Let's draw up a list of actions to do that serve as foundations of the project.

  1. We'll create a new virtual environment (read here to understand how: How to Set Up a Development Environment for Machine Learning)

  2. Install the dependencies, among which Gensim
  3. Prepare our corpus to deliver to Word2Vec
  4. Train the model and save it
  5. Use TSNE and Plotly to visualize embeddings to visually understand the vector space generated by Word2Vec
  6. BONUS: Use the Datapane library to create an interactive HTML report to share with whoever we want

By the end of the article we will have in our hands an excellent basis for developing more complex reasoning, such as clustering of embeddings and more.

I'll assume you've already configured your environment correctly, so I won't explain how to do it in this article. Let's start right away with downloading the blog data.

Dependencies

Before we begin let's make sure to install the following project level dependencies by running pip install XXXXX in the terminal.

  • trafilatura
  • pandas
  • gensim
  • nltk
  • tqdm
  • scikit-learn
  • plotly
  • datapane

We will also initialize a logger object to receive Gensim messages in the terminal.

Retrieve the corpus data

As mentioned we will use the articles of my personal blog in Italian (diariodiunanalista.it) for our corpus data.

Here is how it appears in Deepnote.

The data we collected in pandas dataframe format. Image by author.

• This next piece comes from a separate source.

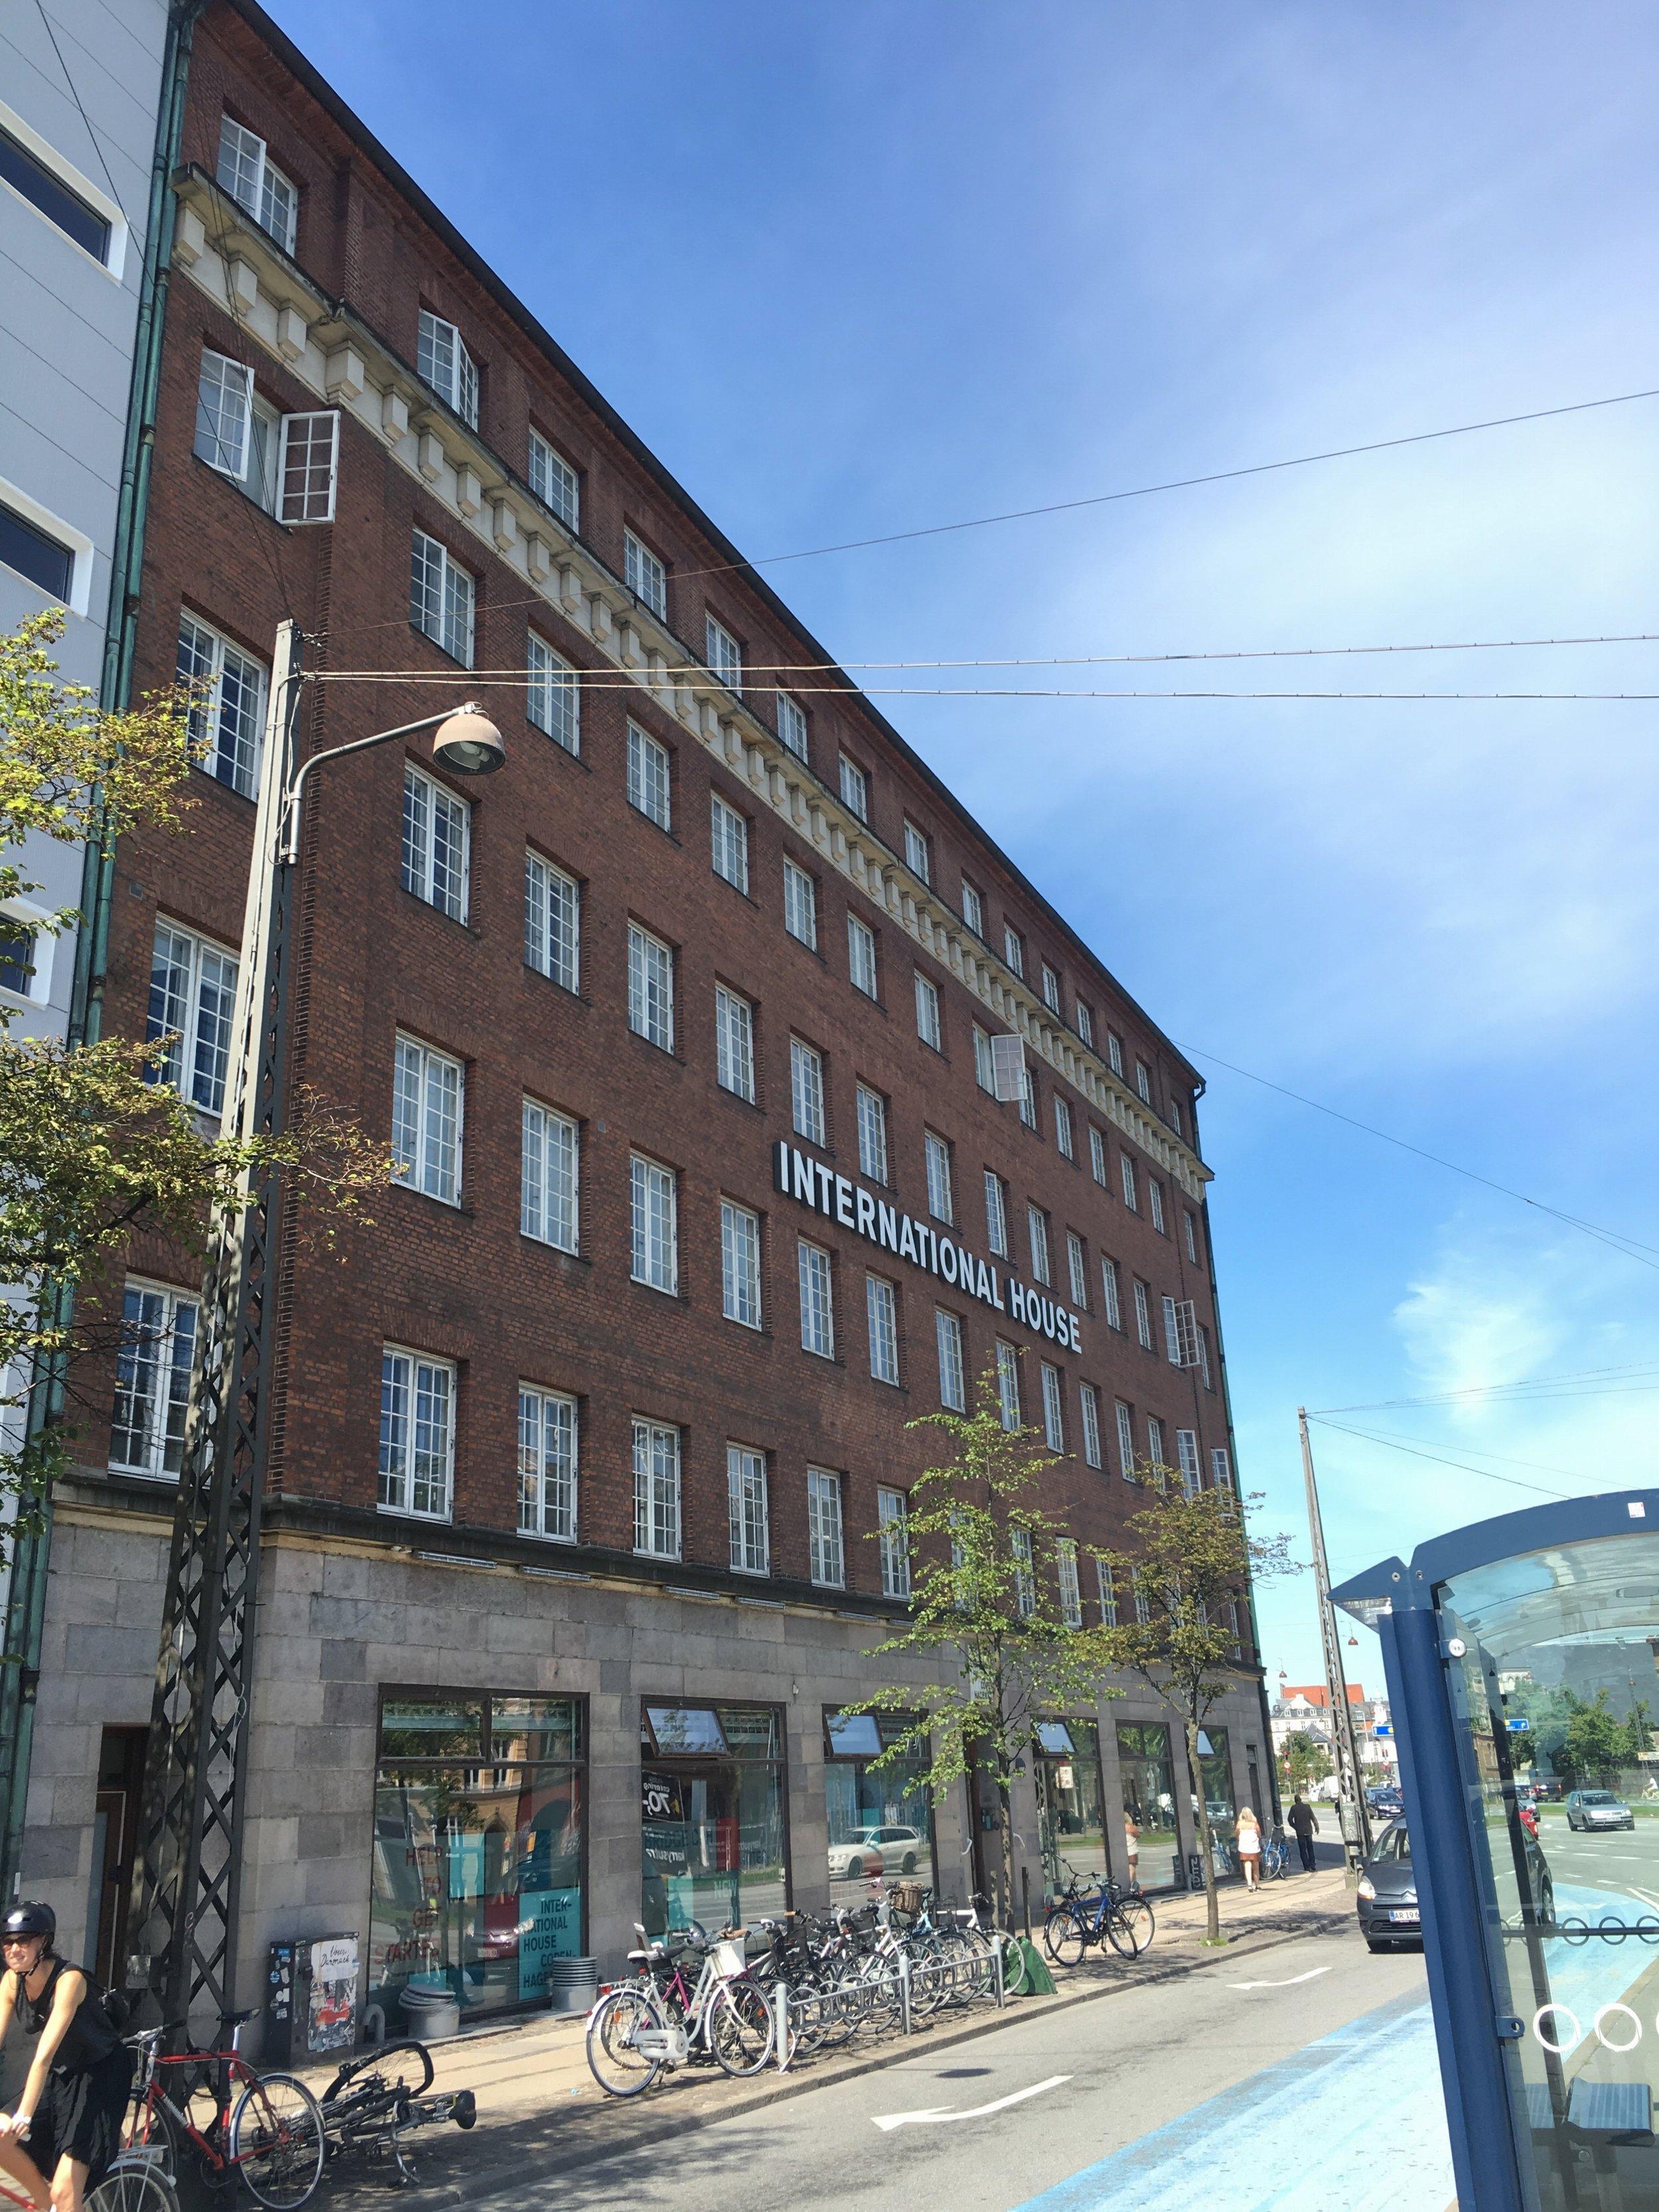 COPENHAGEN CITY COUNCIL

The textual data that we are going to use is under the article column. Let's see what a random text looks like

Regardless of language, this should be processed before being delivered to the Word2Vec model. We have to go and remove the Italian stopwords, clean up punctuation, numbers and other symbols. This will be the next step.

Preparation of the data corpus

The first thing to do is to import some fundamental dependencies for preprocessing.

# Text manipulation libraries
import re
import string
import nltk
from nltk.corpus import stopwords
# nltk.download('stopwords') <-- we run this command to download the stopwords in the project
# nltk.download('punkt') <-- essential for tokenization

stopwords.words("italian")[:10]
>>> ['ad', 'al', 'allo', 'ai', 'agli', 'all', 'agl', 'alla', 'alle', 'con']

Now let's create a preprocess_text function that takes some text as input and returns a clean version of it.

def preprocess_text(text: str, remove_stopwords: bool) -> str:
    """Function that cleans the input text by going to:
    - remove links
    - remove special characters
    - remove numbers
    - remove stopwords
    - convert to lowercase
    - remove excessive white spaces
    Arguments:
        text (str): text to clean
        remove_stopwords (bool): whether to remove stopwords
    Returns:
        str: cleaned text
    """
    # remove links
    text = re.sub(r"httpS+", "", text)
    # remove numbers and special characters
    text = re.sub("[^A-Za-z]+", " ", text)
    # remove stopwords
    if remove_stopwords:
        # 1. create tokens
        tokens = nltk.word_tokenize(text)
        # 2. check if it's a stopword
        tokens = [w.lower().strip() for w in tokens if not w.lower() in stopwords.words("italian")]
        # return a list of cleaned tokens
        return tokens

Let's apply this function to the Pandas dataframe by using a lambda function with .apply.

df["cleaned"] = df.article.apply(
    lambda x: preprocess_text(x, remove_stopwords=True)
  )

We get a clean series.

Each article has been cleaned and tokenized. Image by author.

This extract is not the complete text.